At the moment when the archdeacon made his appearance in the full daylight beneath the lofty arched portal, enveloped in an ample cope of silver barred with a black cross, he was so pale that more than one person in the crowd thought that one of the marble bishops who knelt on the sepulchral stones of the choir had risen and was come to receive upon the brink of the tomb, the woman who was about to die.
The archdeacon approached her slowly; even in that extremity, she beheld him cast an eye sparkling with sensuality, jealousy, and desire, over her exposed form. Then he said aloud -
"Young girl, have you asked God's pardon for your faults and shortcomings?"
He bent down to her ear, and added (the spectators supposed that he was receiving her last confession): "Will you have me? I can still save you!"
She looked intently at him: "Begone, demon, or I will denounce you!"
He gave vent to a horrible smile: "You will not be believed. You will only add a scandal to a crime. Reply quickly! Will you have me?"
"What have you done with my Phoebus?"
"He is dead!" said the priest. He staggered, passed his hand across his eyes, looked again, muttered a curse, and all his features were violently contorted.
"Well, die then!" he hissed between his teeth. "No one shall have you." Then, raising his hand over the gypsy, he exclaimed in Latin, in a funereal voice -
"Go now, soul, trembling in the balance, and God have mercy upon thee."
This was the dread formula with which it was the custom to conclude these gloomy ceremonies. It was the signal agreed upon between the priest and the executioner.

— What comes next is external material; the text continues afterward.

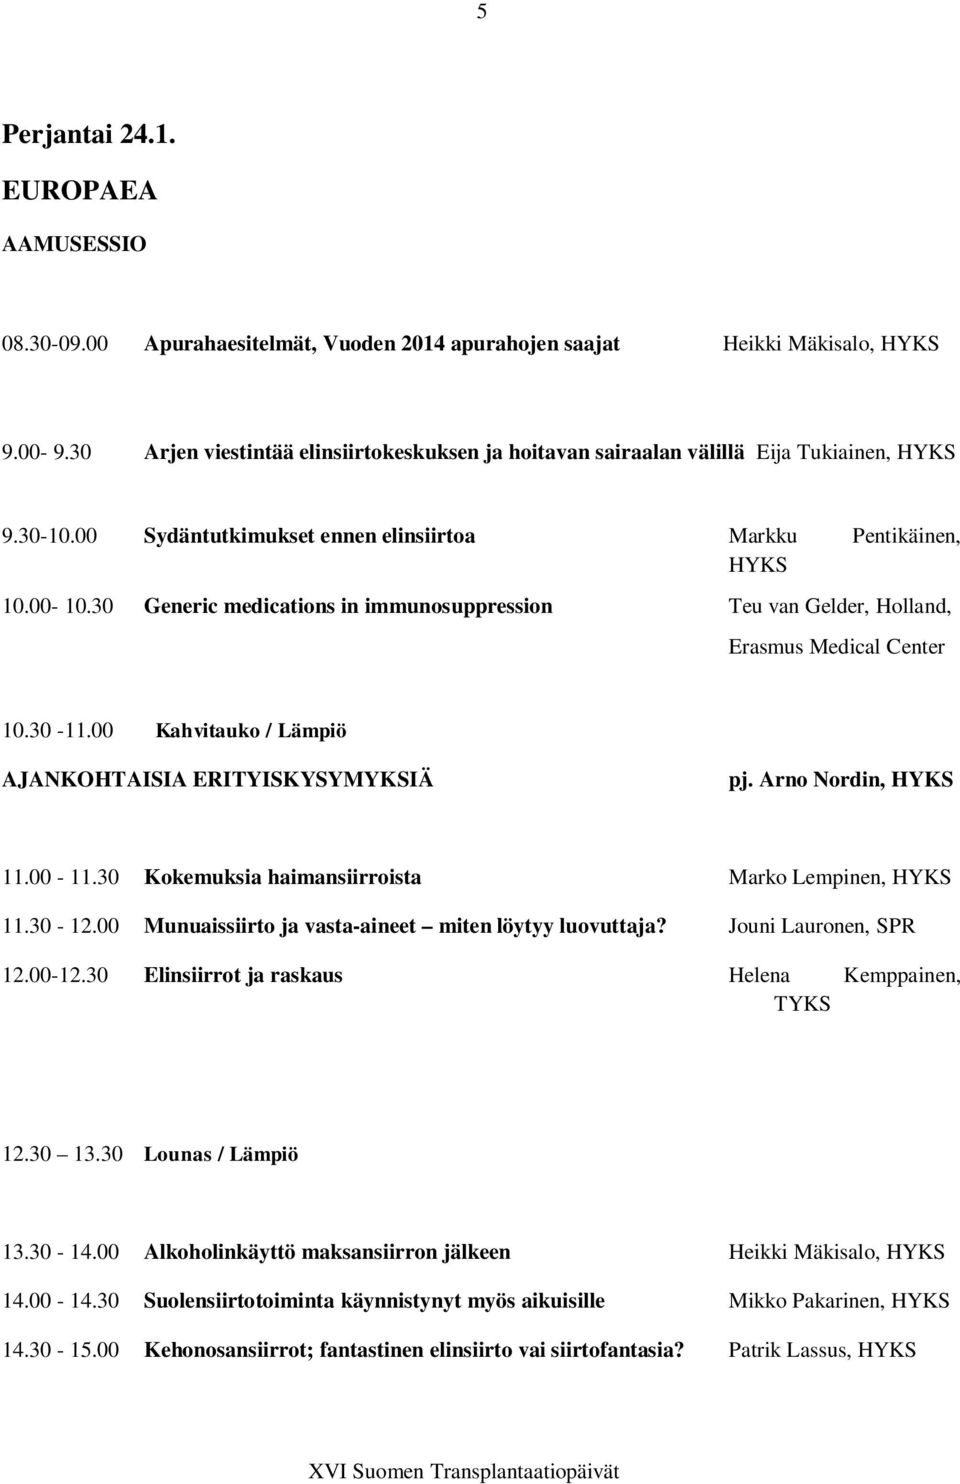 30 Generic medications in immunosuppression Teu van Gelder, Holland, Erasmus Medical Center 10.30-11.00 Kahvitauko / Lämpiö AJANKOHTAISIA ERITYISKYSYMYKSIÄ pj. Arno Nordin, HYKS 11.00-11.

No one had yet observed in the gallery of the statues of the kings, carved directly above the arches of the portal, a strange spectator, who had, up to that time, observed everything with such impassiveness, with a neck so strained, a visage so hideous that, in his motley accoutrement of red and violet, he might have been taken for one of those stone monsters through whose mouths the long gutters of the cathedral have discharged their waters for six hundred years. This spectator had missed nothing that had taken place since midday in front of the portal of Notre-Dame. And at the very beginning he had securely fastened to one of the small columns a large knotted rope, one end of which trailed on the flight of steps below. This being done, he began to look on tranquilly, whistling from time to time when a blackbird flitted past. Suddenly, at the moment when the superintendent's assistants were preparing to execute Charmolue's order, he threw his leg over the balustrade of the gallery, seized the rope with his feet, his knees and his hands; then he was seen to glide down the facade, as a drop of rain slips down a windowpane, rush to the two executioners with the swiftness of a cat which has fallen from a roof, knock them down with two enormous fists, pick up the gypsy with one hand, as a child would her doll, and dash back into the church with a single bound.

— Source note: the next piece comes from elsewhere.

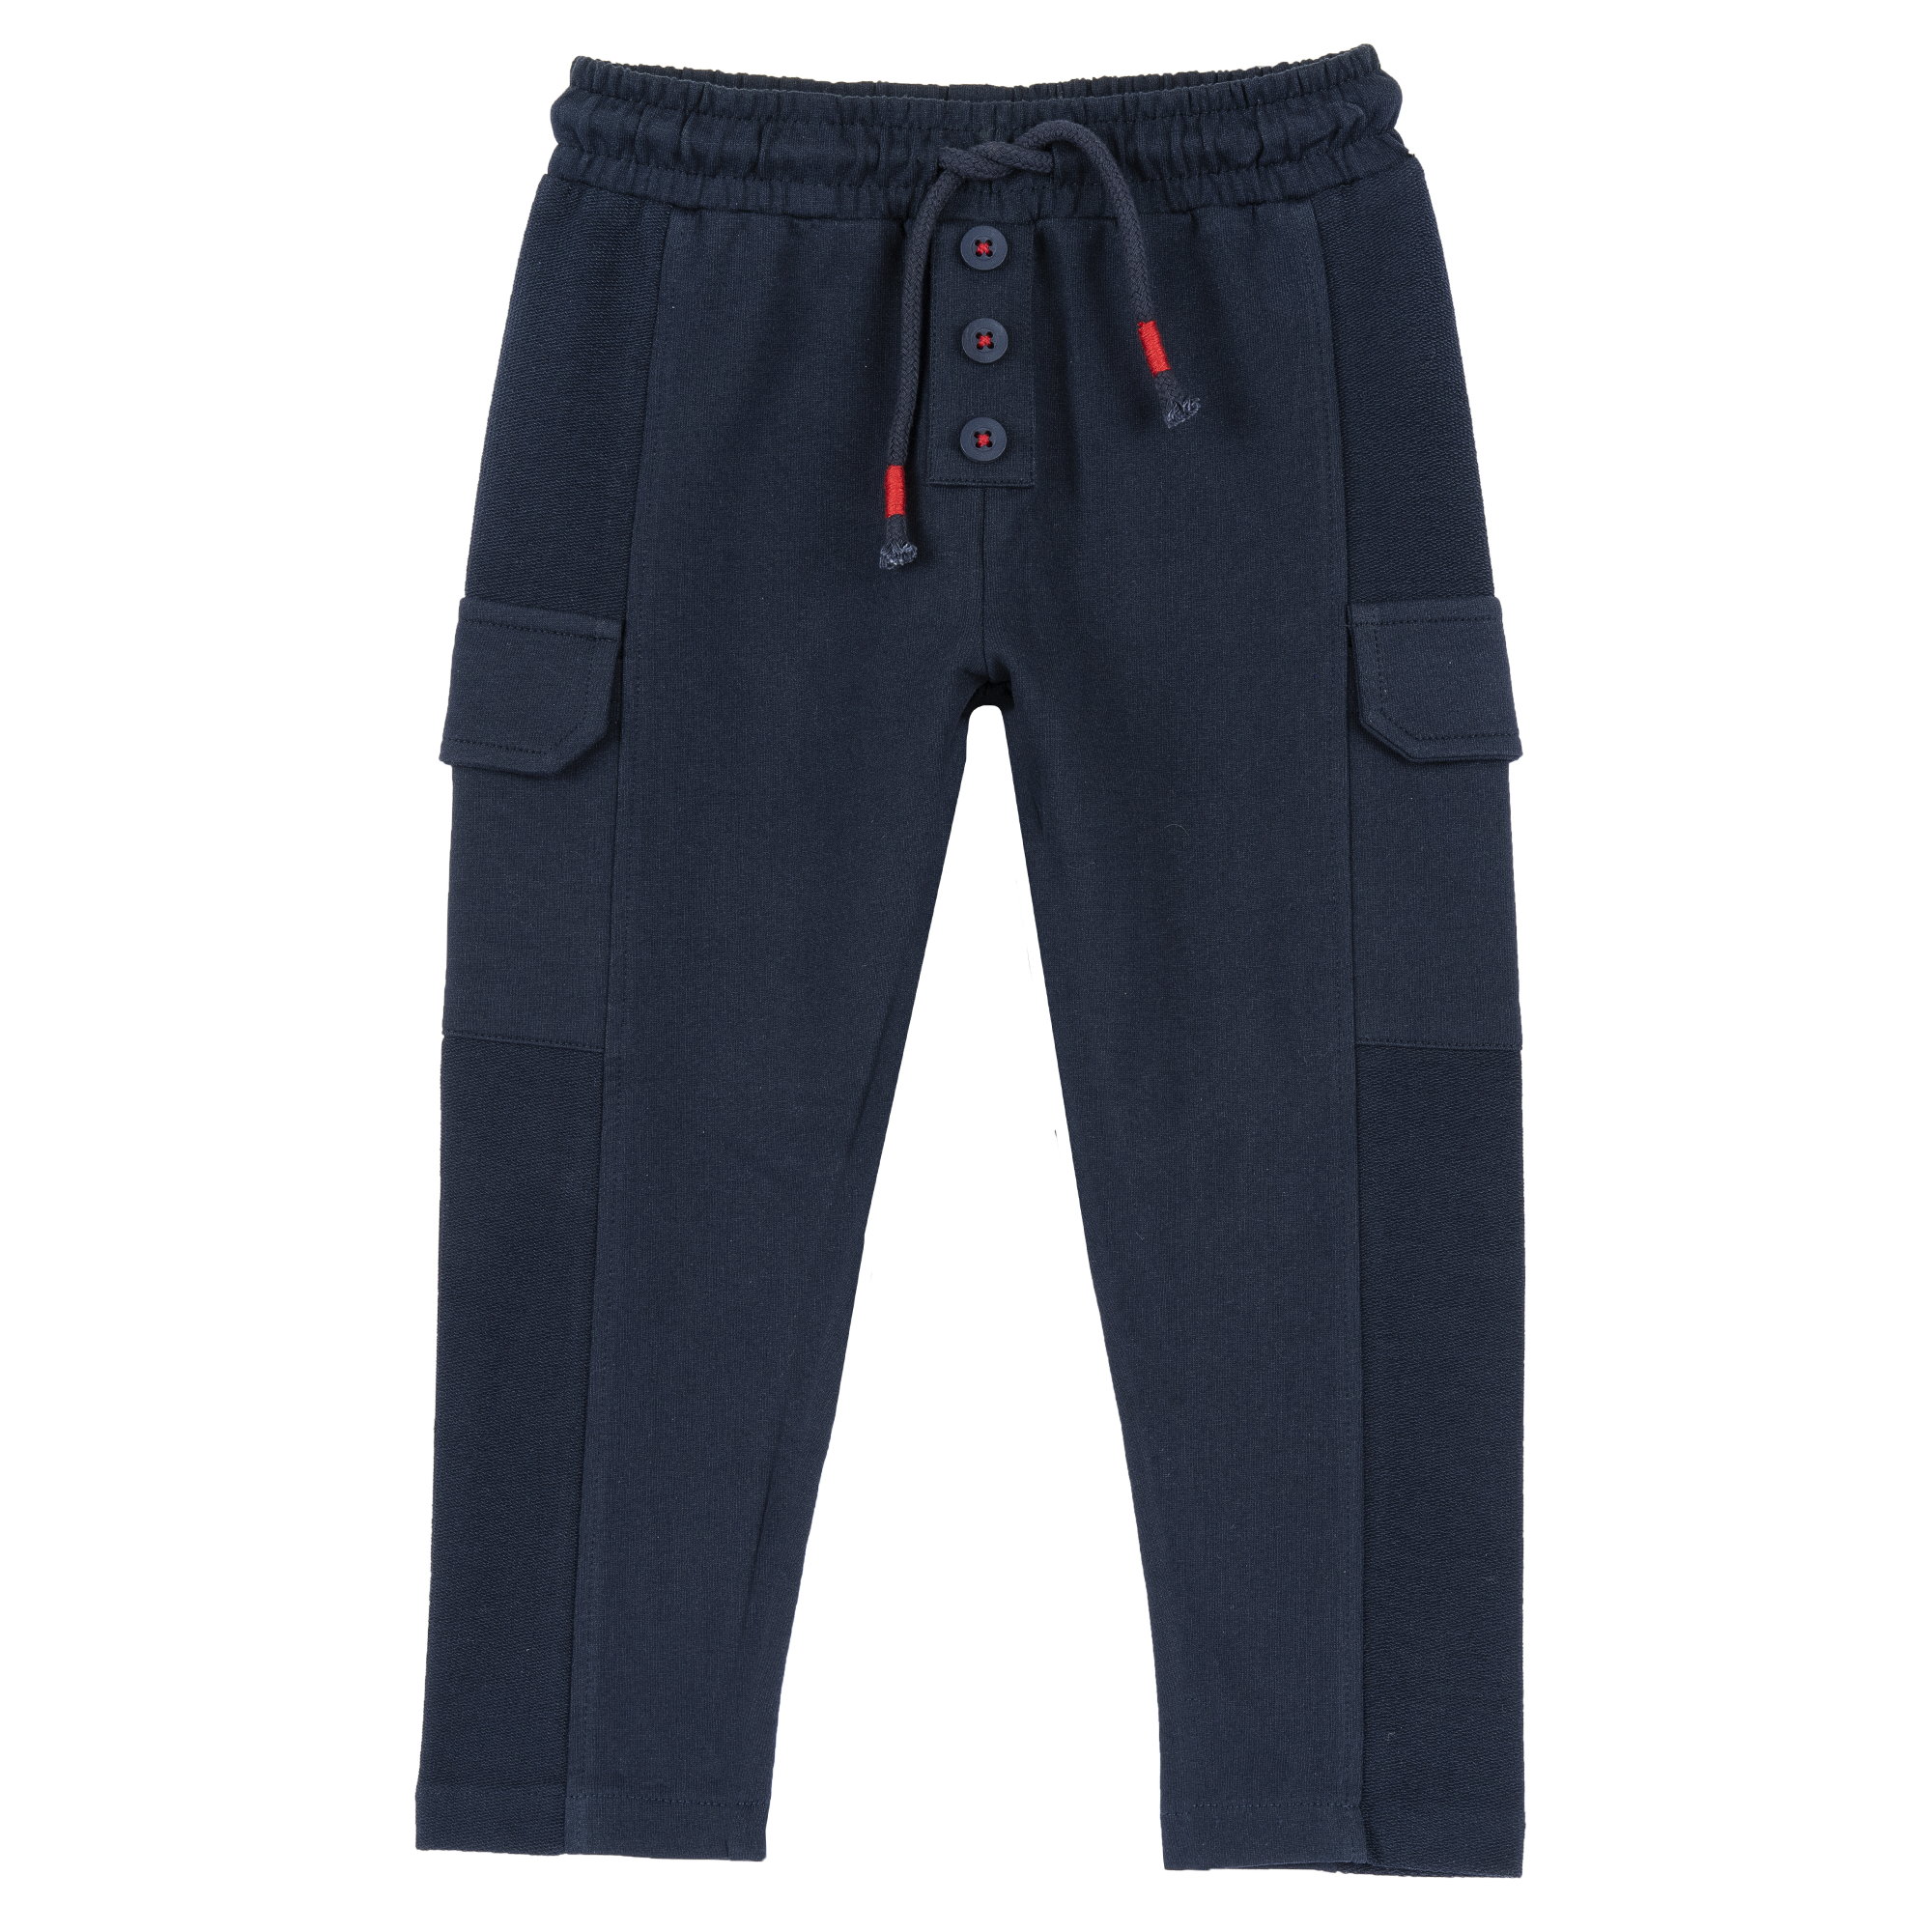 Pantaloni Copii Chicco, Albastru Inchis, 05642-66mc

He held the young girl, who was quivering all over, suspended from his horny hands like a white drapery; but he carried her with as much care as though he feared to break her. One would have said that he felt that she was a delicate, exquisite, precious thing, made for other hands than his. There were moments when he looked as if not daring to touch her, even with his breath. Then, all at once, he would press her forcibly in his arms, against his angular bosom, like his own possession, his treasure, as the mother of that child would have done. His gnome's eye, fastened upon her, inundated her with tenderness, sadness, and pity.

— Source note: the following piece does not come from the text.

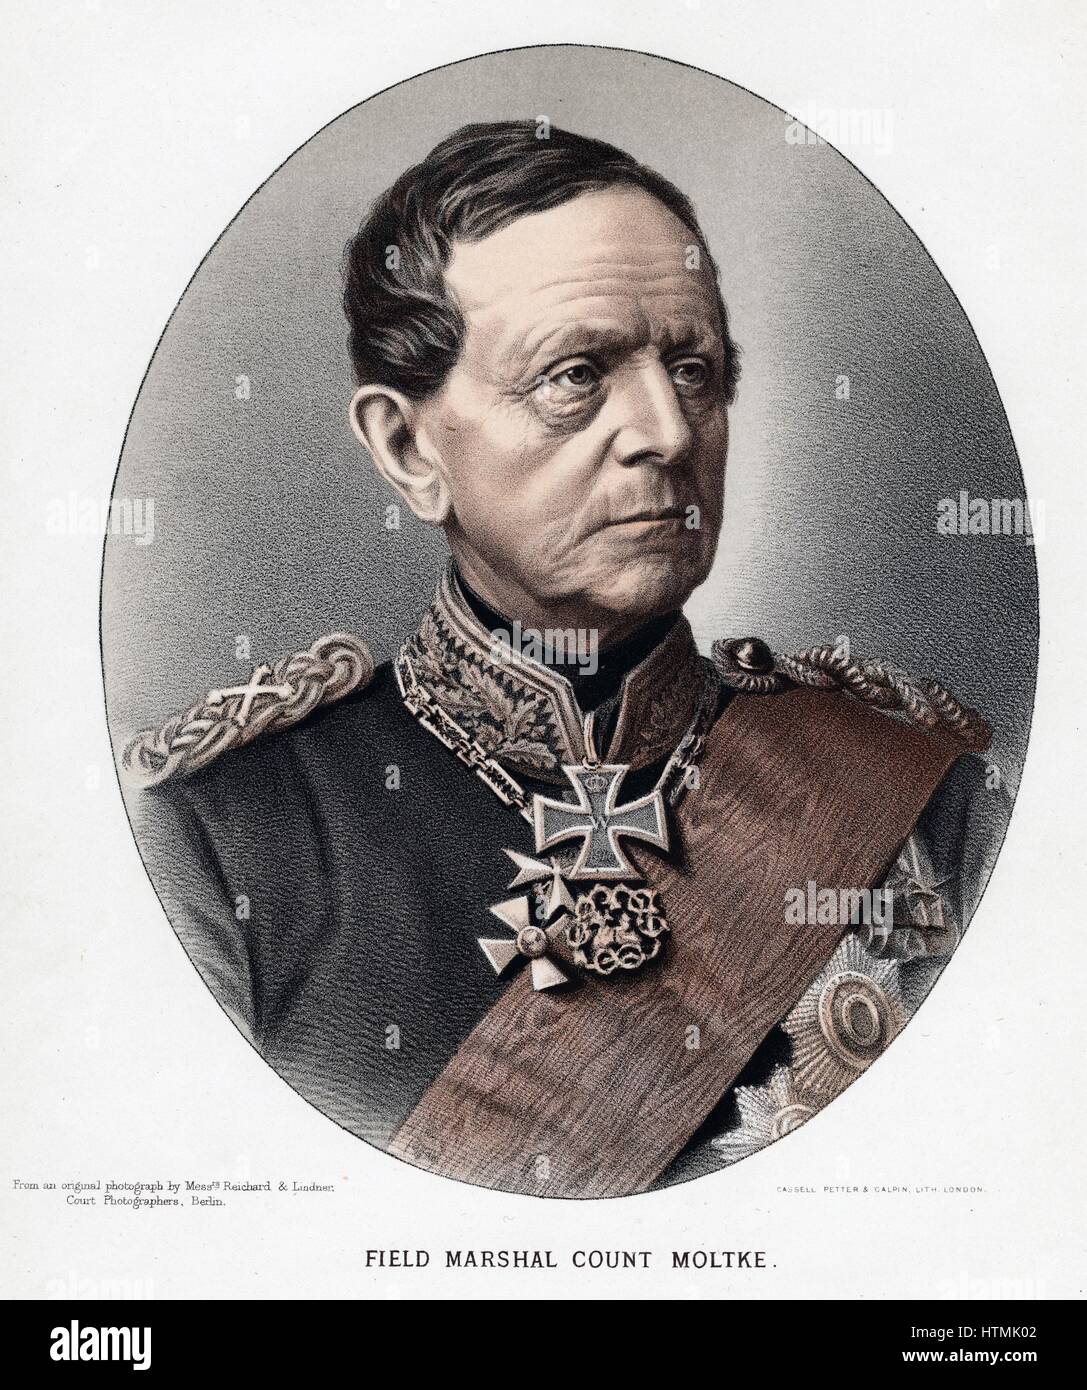 Helmut Karl Bernard, comte von Moltke (1800-1891) général prussien/statesmasn allemand et. Lithographie teintée publié c1880 Banque D'Images

At that moment, Quasimodo had a beauty of his own. He, that orphan, that outcast, felt himself august and strong, and gazed in the face of that society from which he was banished, and in which he had so powerfully intervened, of that human justice of which he had wrenched its prey, of all those tigers whose jaws were forced to remain empty, of those policemen, those judges, those executioners, of all that force of the king which he, the meanest of creatures, had just broken, with the force of God.